1
votes

I have a middleware which restrict access to route if the route is not allowed to him. I added it in:kernel.php

 protected $middleware = [ \App\Http\Middleware\MyMiddlware::class,]


 public function handle($request, Closure $next)
{
    $response = $next($request);
    $currentRoute = $request->route()->getName();
    $accessibleMenu = $this->menu->where('route_name', $currentRoute)->first();

  dd('middleware');

    if ($this->auth->check() && !is_null($accessibleMenu)) {

        $userRole = $request->user()->role()->first()->id;


        if (!is_null($userRole ) && $userRole ==1) {

            return $response;
        }
    }

    return Response::make(view('noPermission'), 404);
}

Route:

   Route::get('menu/list','MenuController@index')->name('menu-list');

controller function::

    public function index($parent_id = null)
{
     dd('executed');
    $menus = $this->menu->orderBy('id', 'DESC')->paginate(5000);

    return view('menu.index', compact('menus'));
}

Now for real: if role id is 2, the middleware should return 404 view without executing the route. But it prints executed string on screen!
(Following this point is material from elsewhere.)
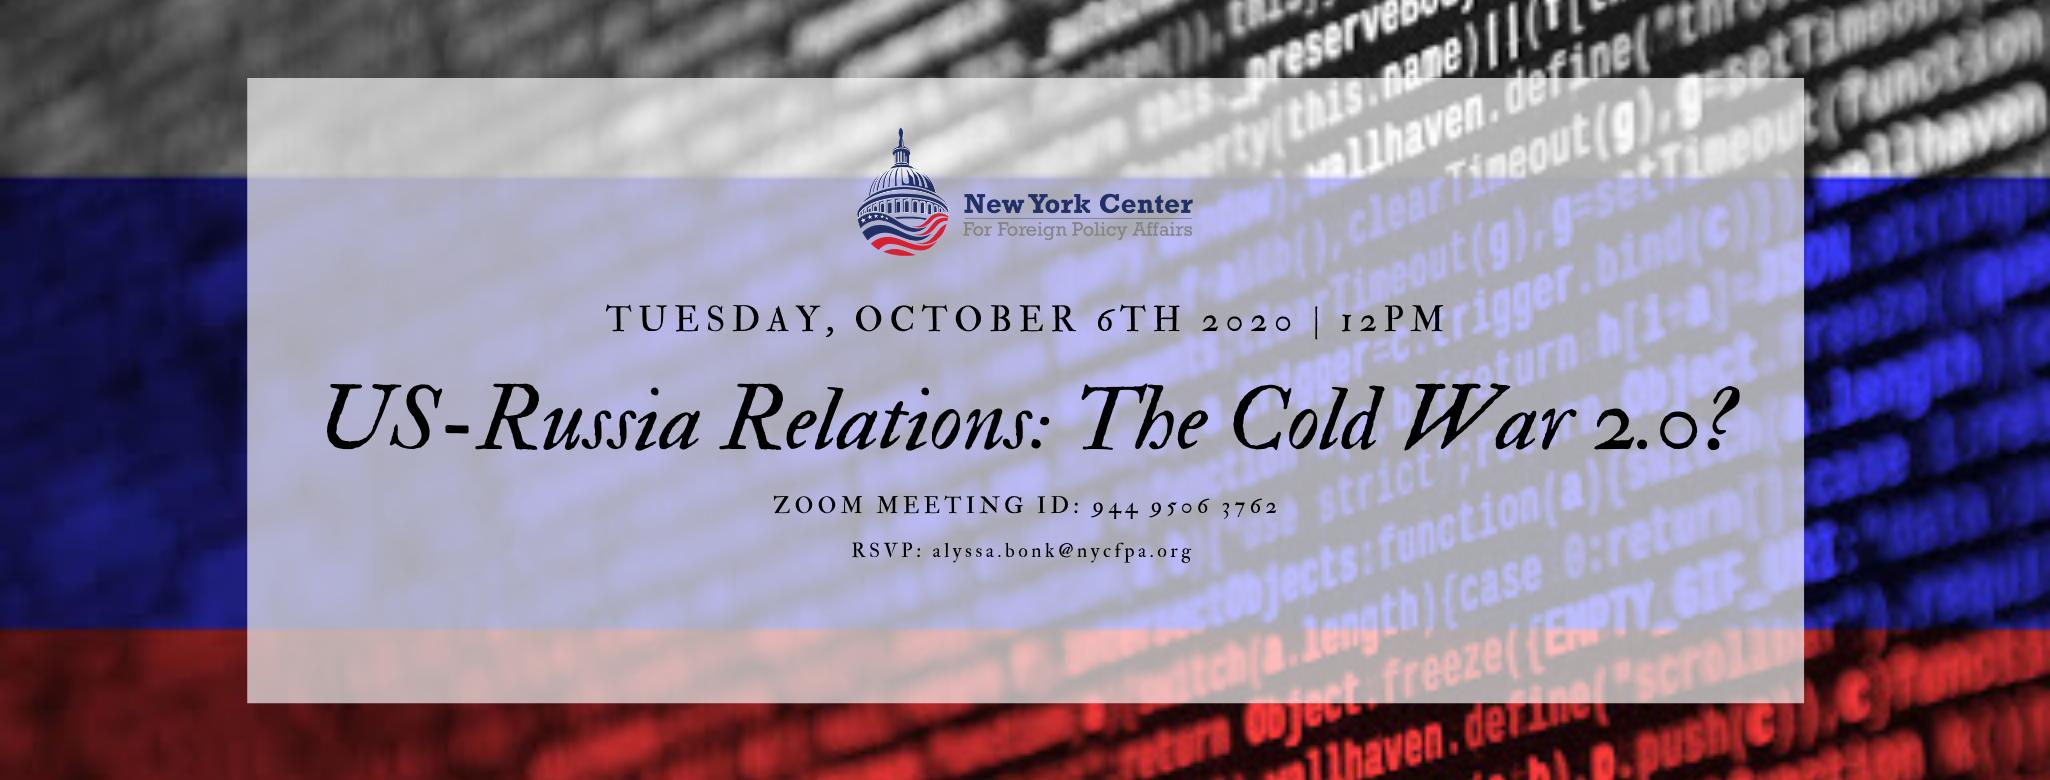 (Postponed) Webinar: US-Russia Relations: The Cold War 2.0?

1.If i deleted or comment:

 $response = $next($request);

it returns

Call to a member function getName() on null
  1. If i move route registration to

    'web' => [ \App\Http\Middleware\EncryptCookies::class, \Illuminate\Cookie\Middleware\AddQueuedCookiesToResponse::class, \Illuminate\Session\Middleware\StartSession::class, // \Illuminate\Session\Middleware\AuthenticateSession::class, \Illuminate\View\Middleware\ShareErrorsFromSession::class, \App\Http\Middleware\VerifyCsrfToken::class, \Illuminate\Routing\Middleware\SubstituteBindings::class, \App\Http\Middleware\Activity::class, \App\Http\Middleware\MyMiddlware::class, ],

and comment:

 $response = $next($request);

then screen prints "middleware" and the middleware works

My question is why the middlware allow the function execution if i use this

 $response = $next($request);

in the first of the handle function? Why the middlware does not work and returns null for getName() if i use in protected $middleware = [] array ?
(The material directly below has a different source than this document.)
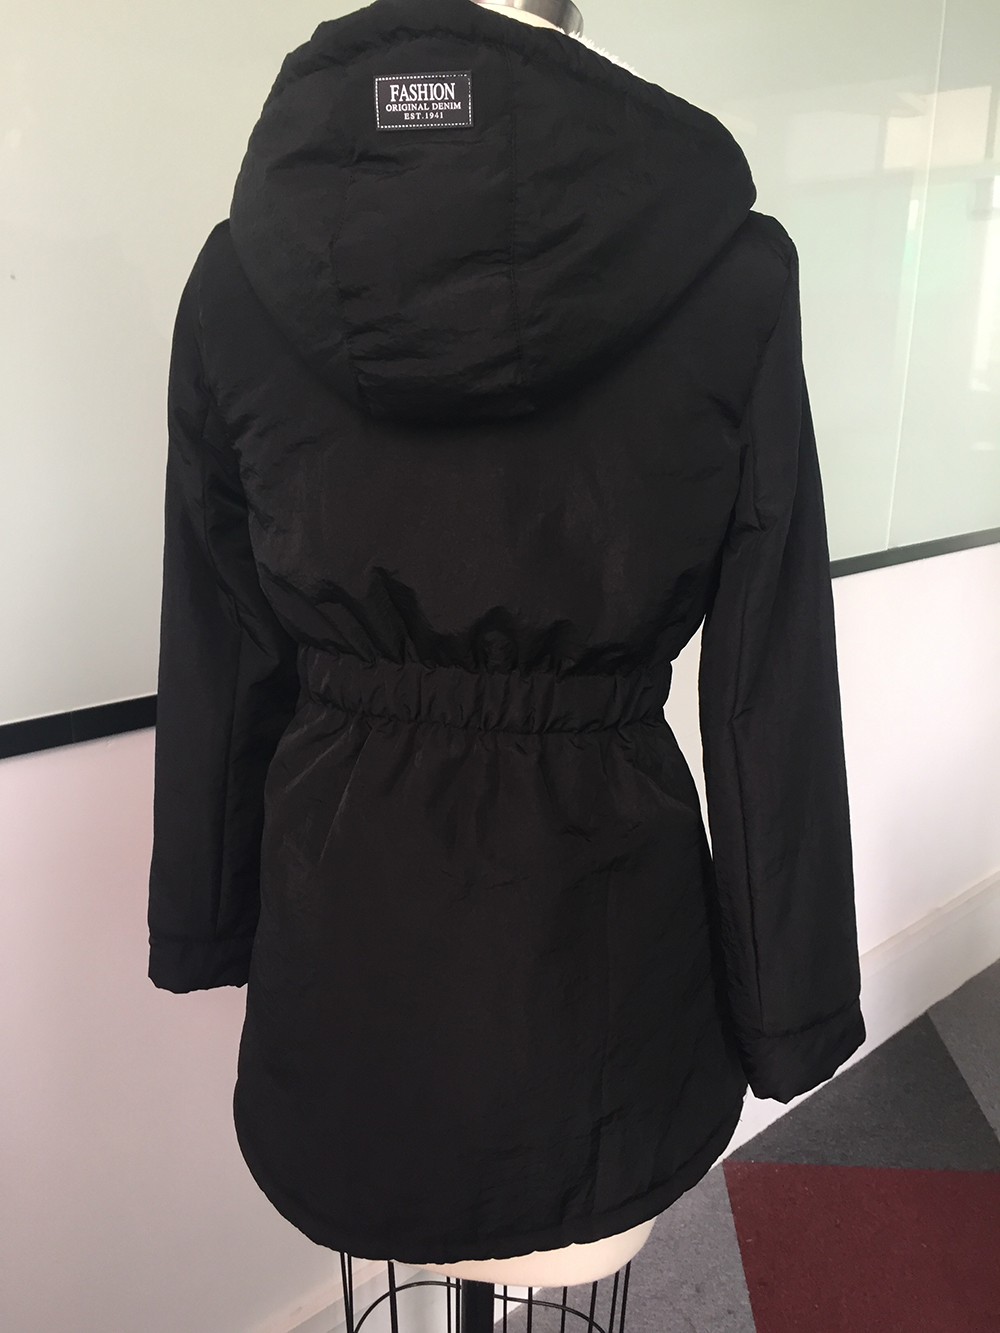 Winter Warm Coat Female Windproof Slim Outerwear Fashion Elastic Waist Zipper Pocket Hooded Drawstring Overcoats Autumn Clothes 3

laravel says in kernel.php for - protected $middleware = []: * These middleware are run during every request to your application.

why is this allow even after i restrict access?

1

1 Answers

2
votes

I had difficulty reading thru this, however I think you want to change 2 lines:

remove $response = $next($request);

change return $response; to return $next($request);

I think you want to change these lines because $next($request) is the full execution.